Kate Chisholm

I, Bette Davis

Plus: two award-winning plays on the World Service that crackle with energy

Bette Davis, 1940 (Photo: STF/AFP/Getty) 
issue 18 April 2015

It was called Frankly Speaking and by golly it was. The great screen actress Bette Davis was being interviewed by not one but two men: George Coulouris, with whom she co-starred in Hollywood, and a BBC producer. ‘It’s a little sad for some of us who adore your work that a lot of your best performances have been in fairly trivial films,’ said the producer, Peter Duval-Smith, as if to tempt Davis into dishing the dirt on the directors who made her what she became. ‘I don’t know what you’re talking about,’ Davis replied, not a woman to be tricked into anything.

‘Who do you think made you a star?’ Duval-Smith persisted.

‘Me myself,’ said Davis. ‘And my sweat, blood and tears…’

‘Nobody helped you?’

‘Beyond that, there were the fabulous public relations people. They presented us to the public.’

Davis had a point. The Hollywood studios invented PR in the 1930s, taking over their stars and remodelling them for public consumption. But it was daring of her to ignore the directors, producers, money men behind all those films. Nothing was going to get in the way of her achievement, or her passion for motion pictures. ‘I loathe theatre,’ she said. ‘I loathe the life.’ Adding, as if we hadn’t already understood her point, ‘I loathe sitting around all day and wanting to work all night.’

There’s something about this interview (first broadcast on the old Home Service in 1963 and aired again on Radio 4 Extra on Tuesday) that’s so raw, so bristling with energy and life. It was startling, and absolutely gripping. Davis, who died in 1989, refused to be drawn on her private life (those four marriages) or that infamously venomous relationship with Joan Crawford, her co-star in Whatever Happened to Baby Jane? But you don’t feel cheated by her unwillingness to confide. On the contrary, she withholds and at the same times bares all. On no account could she ever have been swaddled by her agent, so confident was she of her star quality.

The effect is arresting. It’s hard to convey on the page the menace contained in her cackling ‘don’t-mess-with-me!’ laugh, or the way she intimidated both men. You can hear her thumping her hands on the table and Duval-Smith and Coulouris whimpering their agreement.

‘If you hadn’t been in it, I don’t think we’d remember Dark Victory,’ Duval-Smith daringly suggested.

‘I beg your pardon… I beg your pardon.’

Two large intakes of breath as Duval-Smith and Coulouris struggle to find something else to talk about. You could almost feel the tension.
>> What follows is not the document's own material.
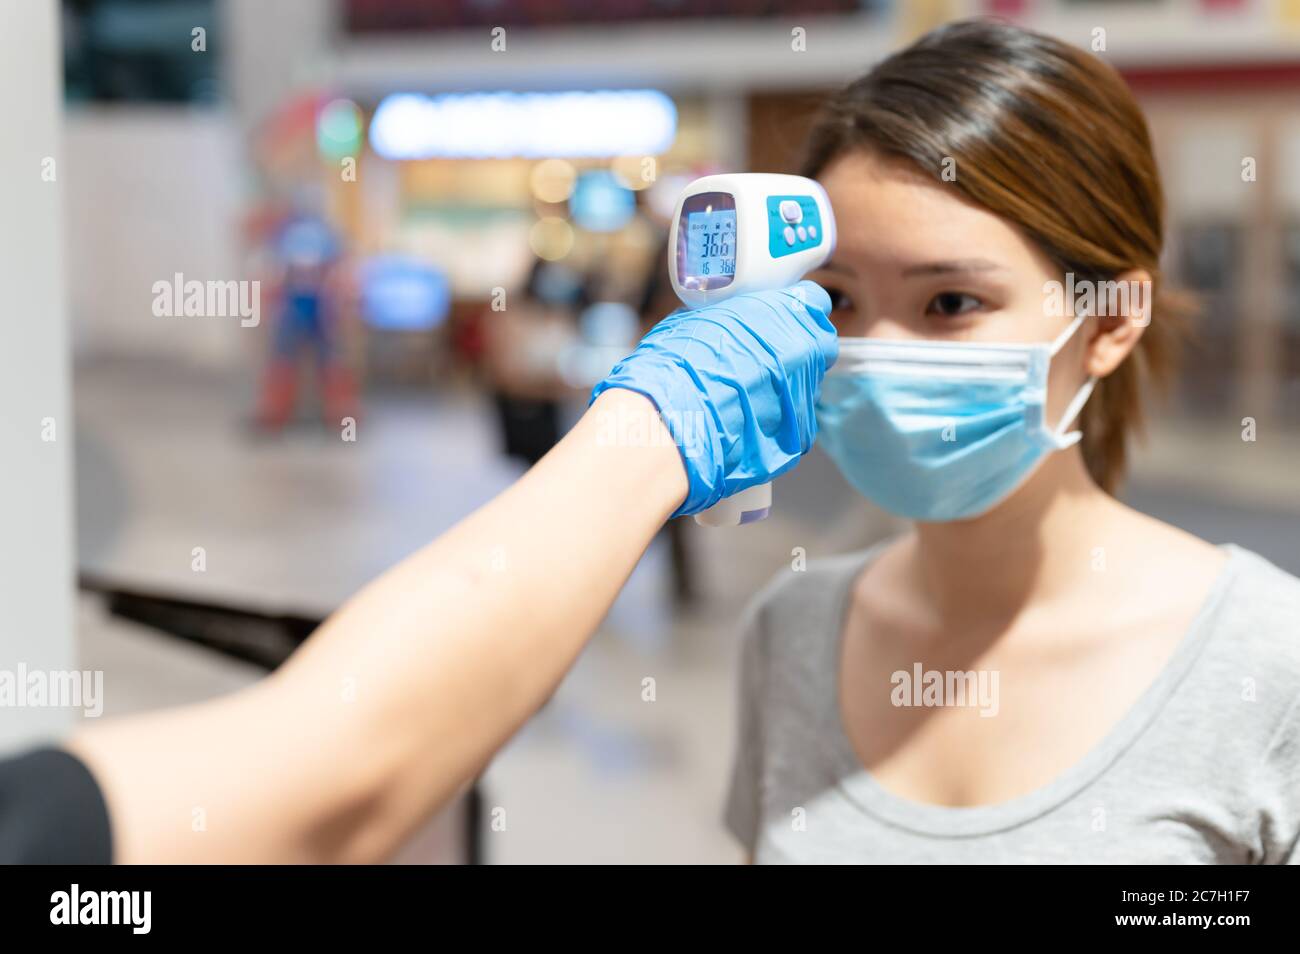 Body temperature measurement, Young Asian woman is checked by infrared digital thermometer before entrance building or restaurant in coronavirus outbr Stock Photo

It was like a blast of fresh air, and especially so during these days and weeks of election fever when the airwaves are stuffed full of platitudes and motormouths speaking in tongues. Over on the World Service the two winning plays in last year’s international playwriting competition (run by the BBC and the British Council in association with the Open University) are now ready for broadcast, crackling through the ether because of their passion, energy and refreshing take on what makes a drama. On Saturday we heard The Cactus Flowers by the Zimbabwean writer Virginia Jekanyika, writing in English as her second language (and directed by Marion Nancarrow).

‘I wrote this play,’ Jekanyika tells us at the start, ‘because I wanted to talk about the hardships faced by women in Africa.’ She was also working through her grief at the recent death of her mother. But she doesn’t write about mothers and daughters; instead she pays tribute to her mother’s life by writing about the everyday struggles of Ndaka and Magi who work as cleaners in a wildlife resort in Zimbabwe. As they wash clothes, sweep rooms, worry about their husbands and the threat of HIV, we hear about their dreams of another, easier, more fulfilling life. They are the cactus flowers, blooming ‘among the thorns of life’.

The drama takes a while to get going, and at first the characters are not clearly defined enough for the listener to work out who is speaking. But then Ndaka and Magi, and their boss, Karen, fearful that she might have to give up the resort and go back to England, gradually emerge as real people through the plainly written but very believable dialogue, so that we begin to care what happens to them. ‘Do I have the right to ask these questions?’ asks Ndaka. ‘I’m just a woman.’

The Ravens, too, by Alana Valentine (broadcast in a fortnight on the World Service and directed by Rosalynd Ward) also focuses on women’s rights, or rather their lack of them, even in supposedly enlightened Australia. Valentine bluntly exposes the red-light district of Sydney as Kira tries to get clean and leave the sex industry and the brutal tyranny of her abusive boyfriend. This isn’t, though, just a play about Kira and others like her, but about anyone who feels trapped in a life they don’t want to lead. How do you find the strength to get out, to stand up to someone who you feel you can’t stand up to?